My second thought is that you wrote that you had racked this peach wine AND that the gravity when you racked was 1.043. This leads me to a question: why did you rack your wine so quickly? You very likely left behind a very significant part of the active yeast colony. Best to rack when the active fermentation is coming to a halt - and it comes to a halt when there is virtually no sugar remaining for the yeast to ferment. Racking when you still have more than a pound (half a kilo) of sugar left in every gallon (4 L) is not good practice.

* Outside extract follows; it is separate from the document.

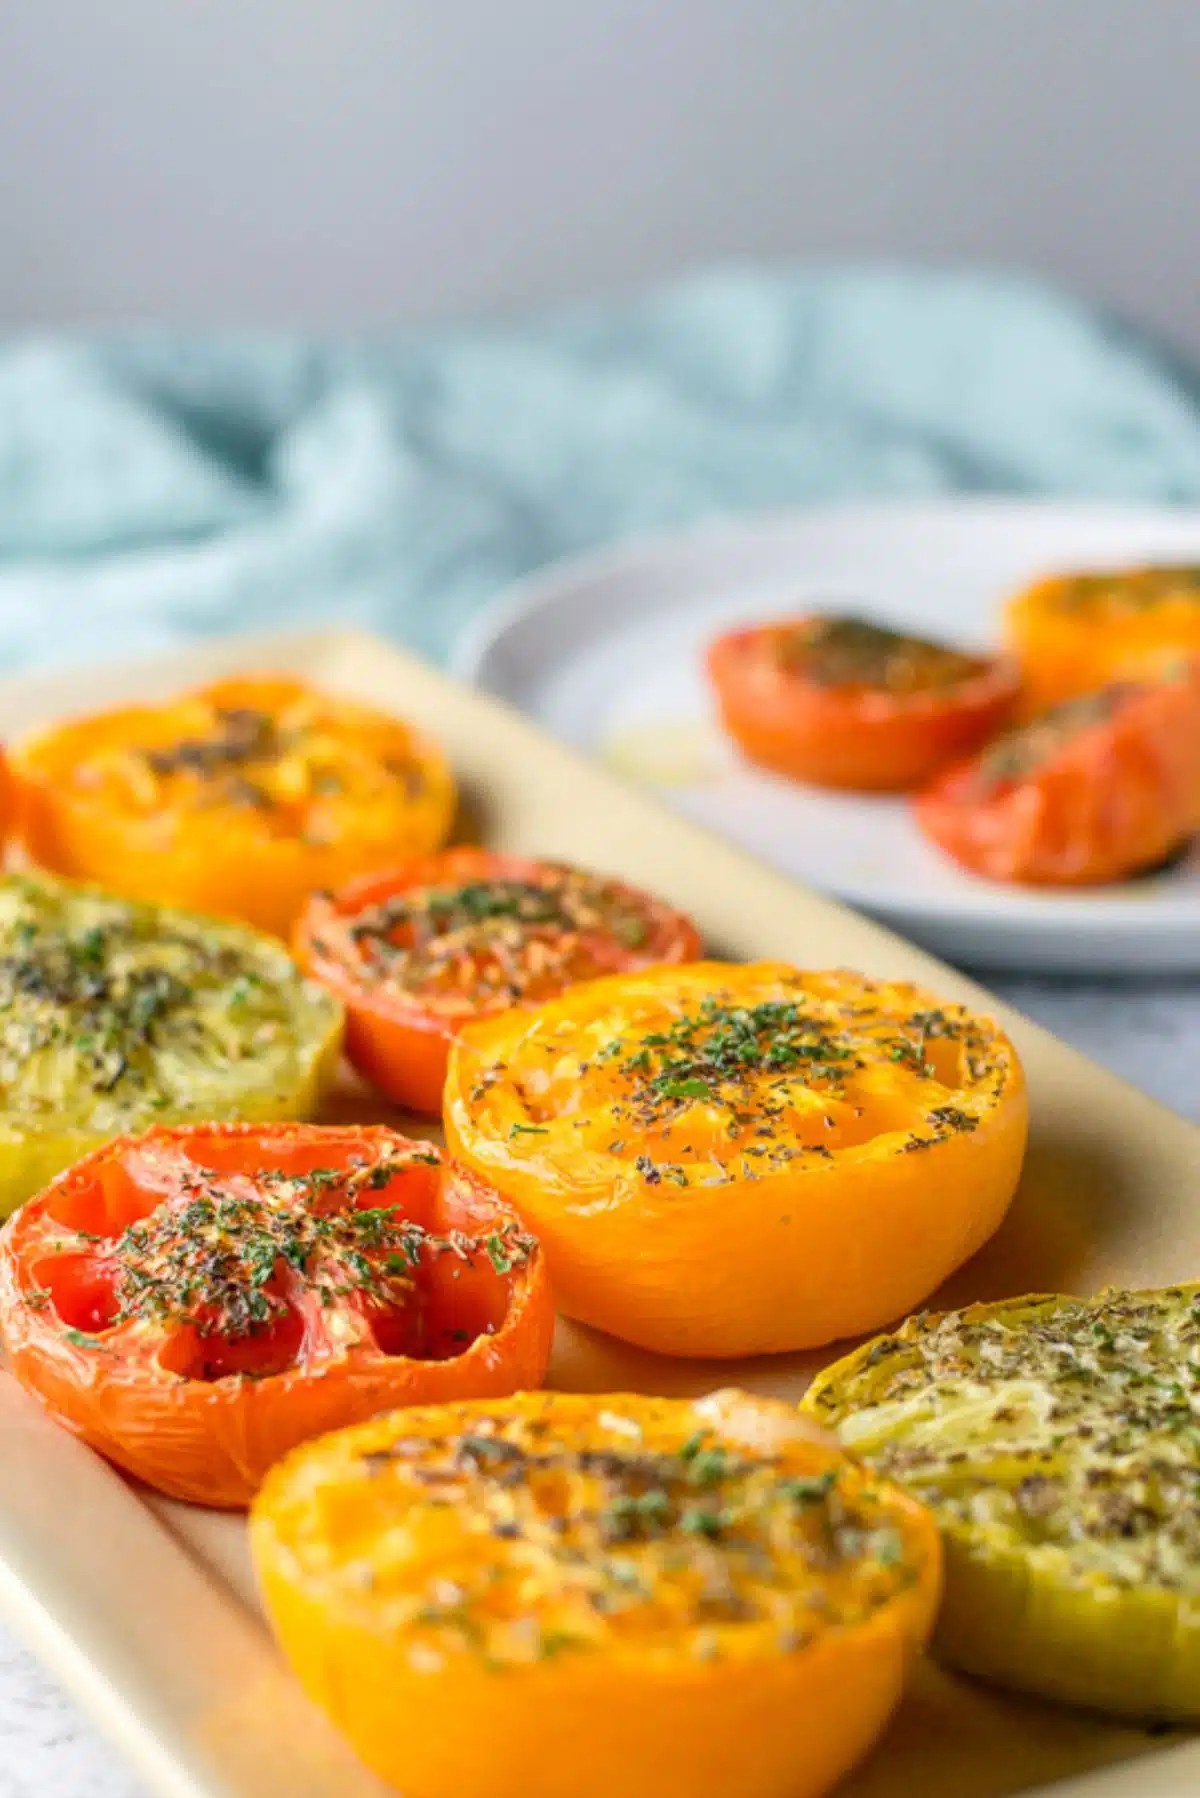 Tomato halves with oil and herbs on it

Now, you may have wanted to remove the fruit. And that does make good sense but if you add fruit to the primary and you intend to remove the fruit before you need to rack then you can simply place the fruit in a bag, use a bucket as your primary and pull out the bag at any time think the fruit has given out all the flavors you want and none of the more vegetable flavors that they can sometimes express if you leave the fruit steeping too long. You say you had bagged the fruit so you likely used a bucket, so racking would seem to me to have been premature. However, if the fermentation is continuing without any problem then no harm, no foul.
 
Thank all of you for your quick replies!

Mysecond thought is that you wrote that you had racked this peach wine AND that the gravity when you racked was 1.043. This leads me to a question: why did you rack your wine so quickly? You very likely left behind a very significant part of the active yeast colony. Best to rack when the active fermentation is coming to a halt - and it comes to a halt when there is virtually no sugar remaining for the yeast to ferment. Racking when you still have more than a pound (half a kilo) of sugar left in every gallon (4 L) is not good practice.

Now, you may have wanted to remove the fruit. And that does make good sense but if you add fruit to the primary and you intend to remove the fruit before you need to rack then you can simply place the fruit in a bag, use a bucket as your primary and pull out the bag at any time think the fruit has given out all the flavors you want and none of the more vegetable flavors that they can sometimes express if you leave the fruit steeping too long. You say you had bagged the fruit so you likely used a bucket, so racking would seem to me to have been premature. However, if the fermentation is continuing without any problem then no harm, no foul.

My thoughts were similar, I figured it was probably lees and random bits of material, especially since no off flavor or smells.

Now the reason I racked is because, while I did use bags, one had a rip I didn’t originally see and wound up spilling some peaches out. In order to remain as clean as possible, I racked off the fruit after a bit. Now we’ll see if I messed up the fermentation lol!

I’m hoping to get this to a 10-12% ABV, I can’t remember if I used D47 or US-05, I assume D47, but I was in a hurry and didn’t take my usual notes .

mom more of a sweet wine person, I’m not cultured enough for dry wines, so if I messed it up, some, I won’t be too upset haha!